Sabemos que somos responsáveis pelos nossas atos, sabemos que existe a Lei de causa e efeito, segundo a qual nós colhemos aquilo que plantamos. Somos ensinados a fazer o bem sem ver a quem, a fazer o bem sem esperar nada em troca. Mas na prática não é bem assim. Talvez com você seja; não precisa se ofender.

Vai dizer que você nunca repassou na memória as boas ações praticadas? Vai dizer que você não espera alguma recompensazinha quando voltar pro lado de lá? Queremos, de alguma forma, quitar nossas dívidas e fazer algum saldo positivo. Queremos nos livrar do umbral. Queremos ser bons, mas não apenas isso: Também queremos ser reconhecidos como bons.

Até nos assuntos da espiritualidade somos egoístas. Podemos fazer o bem sem esperar nada em troca aqui, nesta vida. Podemos praticar a caridade sem esperar reconhecimento ou recompensa aqui na matéria. Mas esperamos que tudo o que estamos fazendo de bom seja anotado no caderninho da Justiça Divina.

É claro que às vezes praticamos boas ações espontaneamente, naturalmente. Não estou dizendo que tudo o que fazemos de bom é friamente calculado. Mas são raras as vezes em que fazemos o bem só por fazer, como se fosse pra nós mesmos.

Também temos a inquietação por tentar ajudar o maior número de pessoas possível. Como se a quantidade fosse mais importante que a qualidade. É melhor fazer um bem importante e decisivo para uma pessoa do que praticar uma ação isolada e sem maiores desdobramentos para um monte de gente.

Imagine se você conseguir ser verdadeiramente útil para uma pessoa por ano. Dependendo da sua expectativa de vida e da sua persistência, você poderá ser útil de verdade para dezenas de pessoas ao longo desta sua reencarnação. Quer algo mais grandioso que isso?

Um dia iremos fazer o bem sem esperar nada em troca. Nem aqui nem do lado de lá. Fazer o bem ser esperar nada, nem reconhecimento, nem recompensa de espécie alguma, nem bem-estar íntimo, nem a sensação do dever cumprido, nada. Apenas fazer o bem porque é o que se faz. Como uma coisa natural e normal.

O bem que fazemos hoje é treino. Nossas tentativas de reforma íntima, nossos esforços de aprendizado e desenvolvimento moral, tudo isso é preparo, são tímidas tentativas de nos colocarmos em sintonia com Deus.

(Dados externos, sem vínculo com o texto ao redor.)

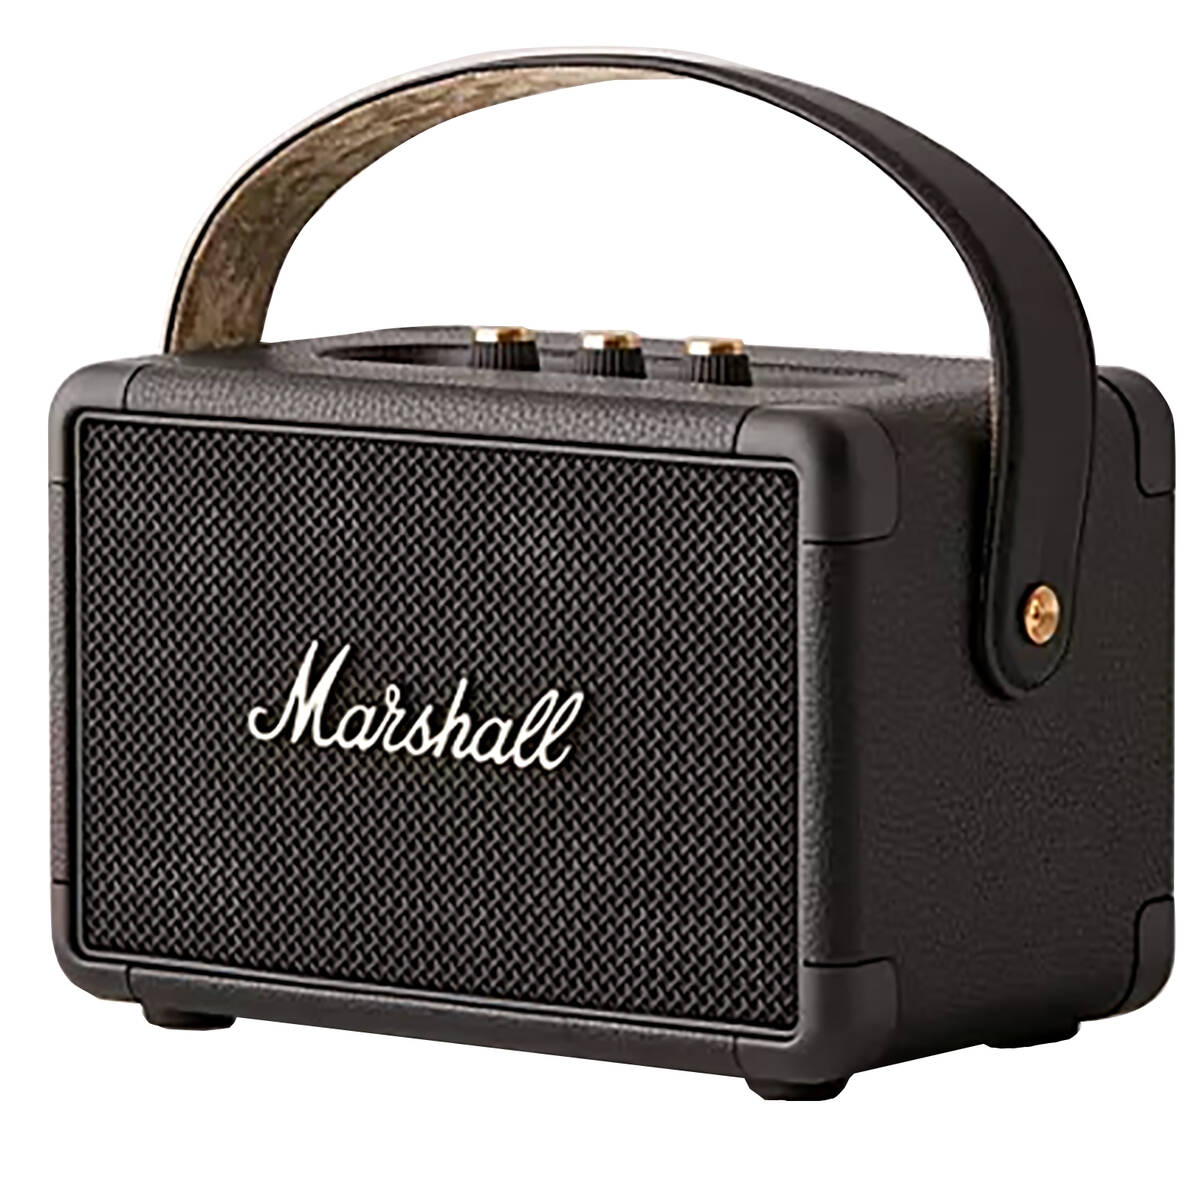 3. Kilburn II Portable Bluetooth Speaker Someone you love can now rock out in classic rock styl ...
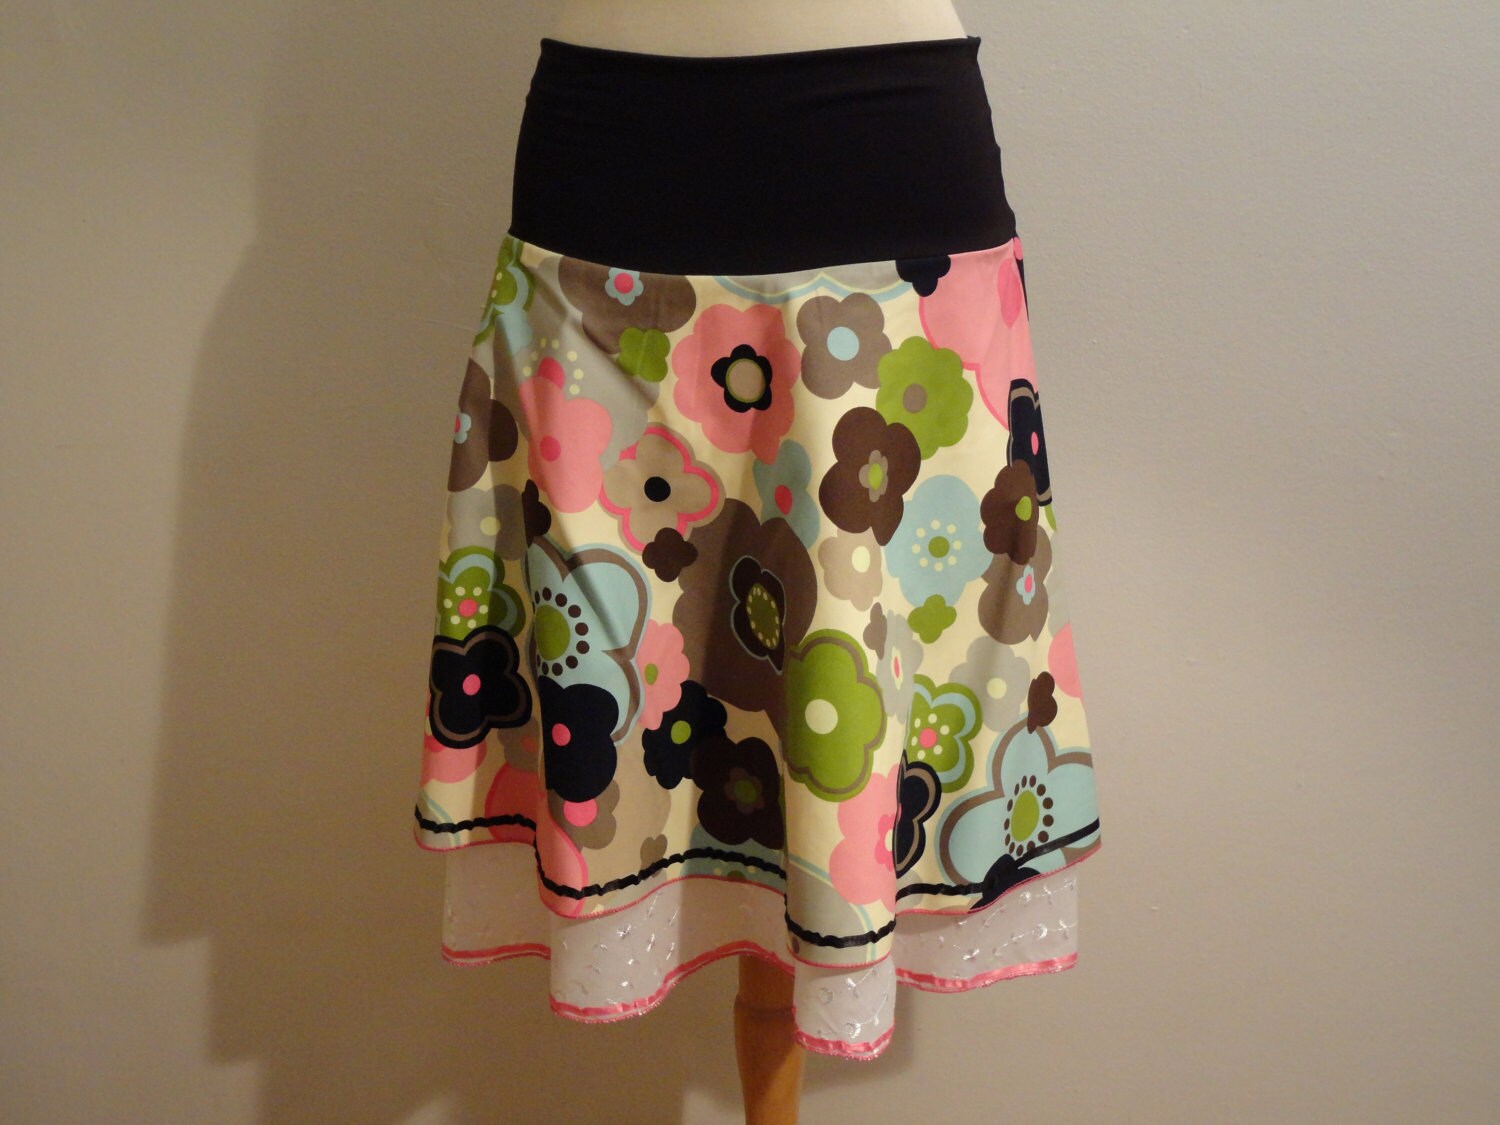 knee skirt 2 layers colorful floral print with white lace as

Deus se manifesta através de cada um de nós. Para que esta manifestação seja perene, para que vivamos em permanente sintonia com Deus, vamos ter que abrir mão do nosso individualismo, da nossa personalidade adquirida. Isso vai levar algum tempo…

Em nossas tentativas, temos um ou outro momento em que esquecemos de nós mesmos e permitimos a manifestação de Deus. Sintonizamos com Ele ao deixarmos de lado nossos próprios interesses, nossas preocupações mesquinhas e nossas expectativas sobre o resultado dos nossos atos. E ao sintonizamos com Ele, excepcionalmente não esperamos nada em troca do bem que fazemos. Apenas fazemos o que deve ser feito.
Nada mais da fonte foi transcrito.